Liquidations and Auto-Deleveraging

How liquidations and auto-deleveraging work.

As a HIP-3 Market, we inherit our liquidation and auto-deleveraging mechanisms from Hypercore. We've summarized key considerations below, including how our oracle and mark price mechanics differ from Hyperliquid. But you should review Hyperliquid's documentation in detail to better understand how liquidations and auto-deleveraging works on all Hyperliquid markets.

IMPORTANT NOTE: XYZ assets are not backstopped by the Liquidator Vault. In the event of an account's equity dropping below the maintenance margin, auto-deleveraging is expected. We also use a different mark price than Hyperliquid.


How Liquidations Work on Hyperliquid

A liquidation event occurs when a trader's positions move against them to the point where the account equity falls below the maintenance margin. You can read more about maintenance margin mechanics under the Margin and Leverage section.

When account equity drops below the maintenance margin, the positions are first attempted to be entirely closed by sending market orders to the book. These orders are the full size of the position, although they may only be partially closed depending on market liquidity. After a position is partially or fully closed, the trader retains any remaining collateral if maintenance margin requirements have been met.

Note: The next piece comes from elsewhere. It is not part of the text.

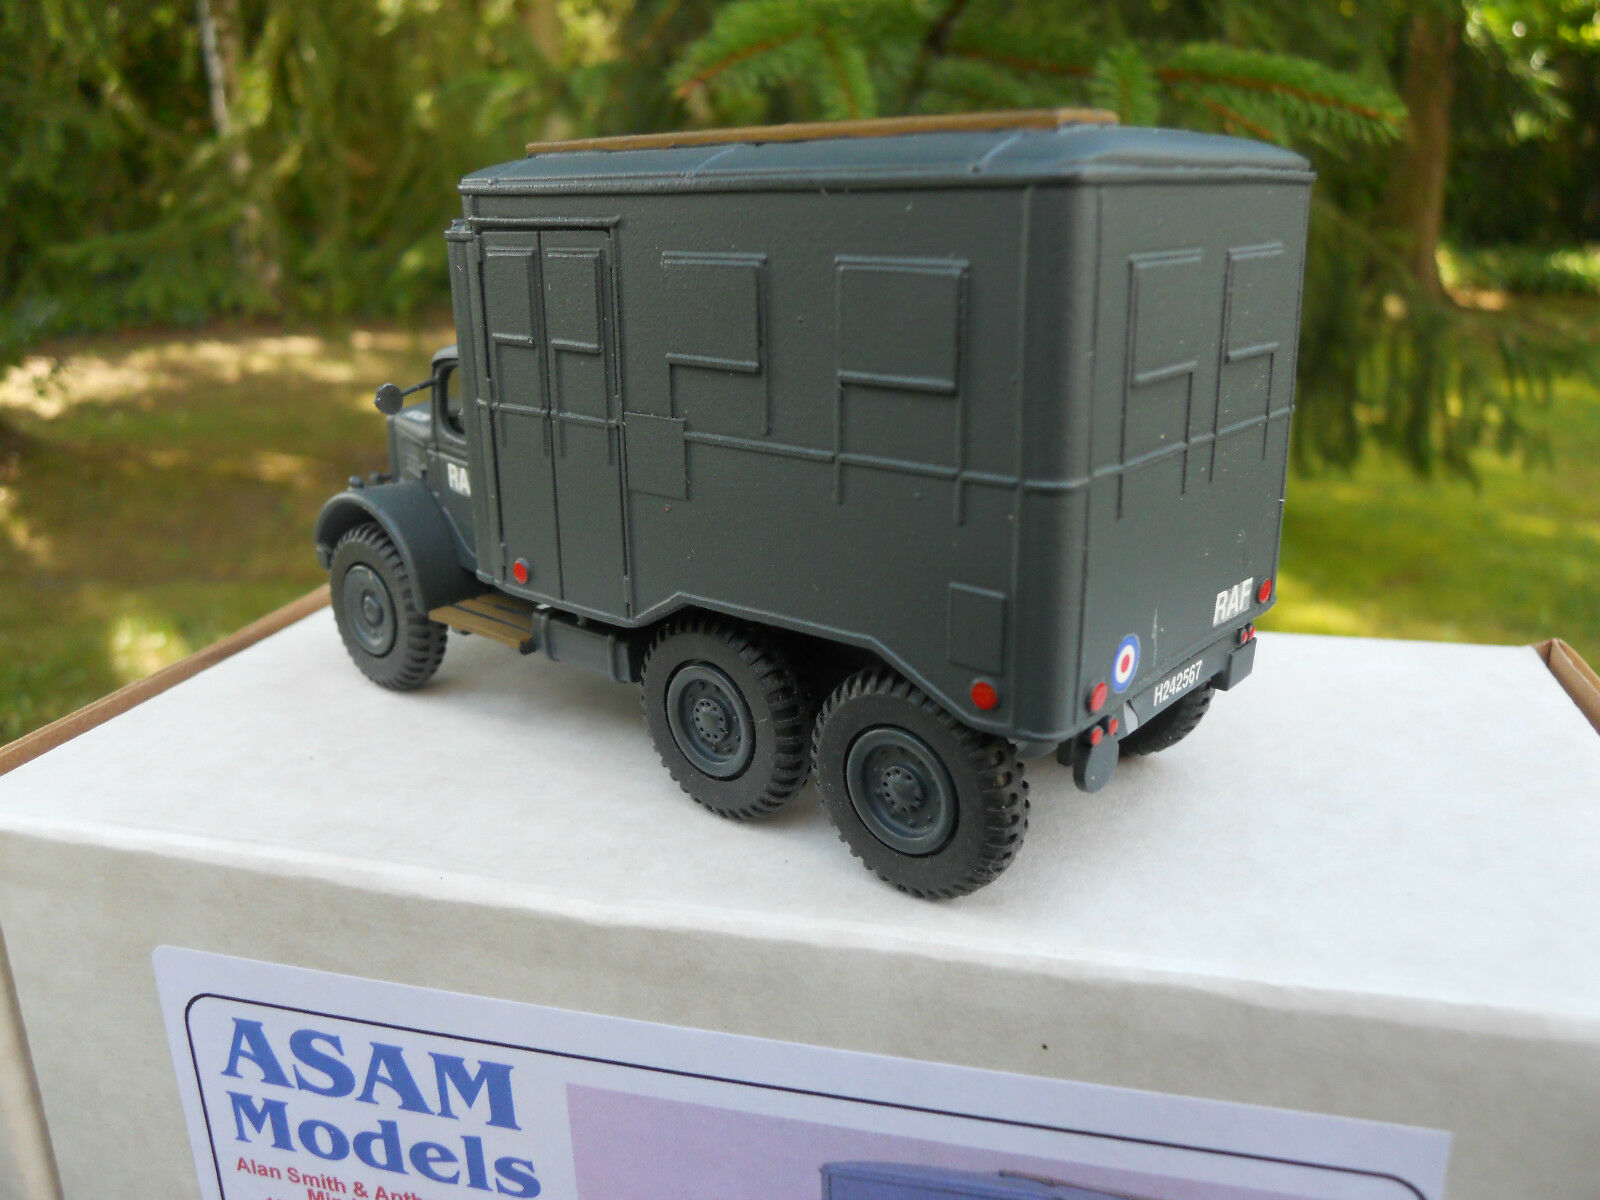 VEHICULE MILITAIRE ASAM MODELS MODELS MODELS AUSTIN K6  WORKSHOP RAF  MINT IN BOX e20a86

If the account equity drops below 2/3 of the maintenance margin without successful liquidation through market orders on the book, a backstop liquidation happens through the Hyperliquid liquidator vault (only applicable for Hyperliquid-native perps). During backstop liquidation, the maintenance margin is not returned to the user. You can read more about the Liquidator Vault in Hyperliquid's documentation.

In Hyperliquid's system, when a cross position is backstop liquidated, the trader's cross positions and cross margin are all transferred to the liquidator. Cross margin and other positions are not impacted by isolated positions that are backstop liquidated.

Liquidations use the mark price. Hyperliquid-native perps specifically use Hyperliquid's mark price, while XYZ assets use the XYZ Relayer Mark price, further detailed in the Relayer section.


Computing Liquidation Price

When entering a trade, an estimated liquidation price is shown. This estimation may be inaccurate compared to the position's estimated liquidation price due to changing liquidity on the book. Even after a position is opened, a liquidation price may be shown which is not the actual liquidation price due to funding payments or changes in unrealized PnL in other positions (for cross margin positions).

The actual liquidation price is independent on the leverage set for cross margin positions. However, the liquidation price does depend on leverage set for isolated margin positions, because the amount of isolated margin allocated depends on the initial margin set.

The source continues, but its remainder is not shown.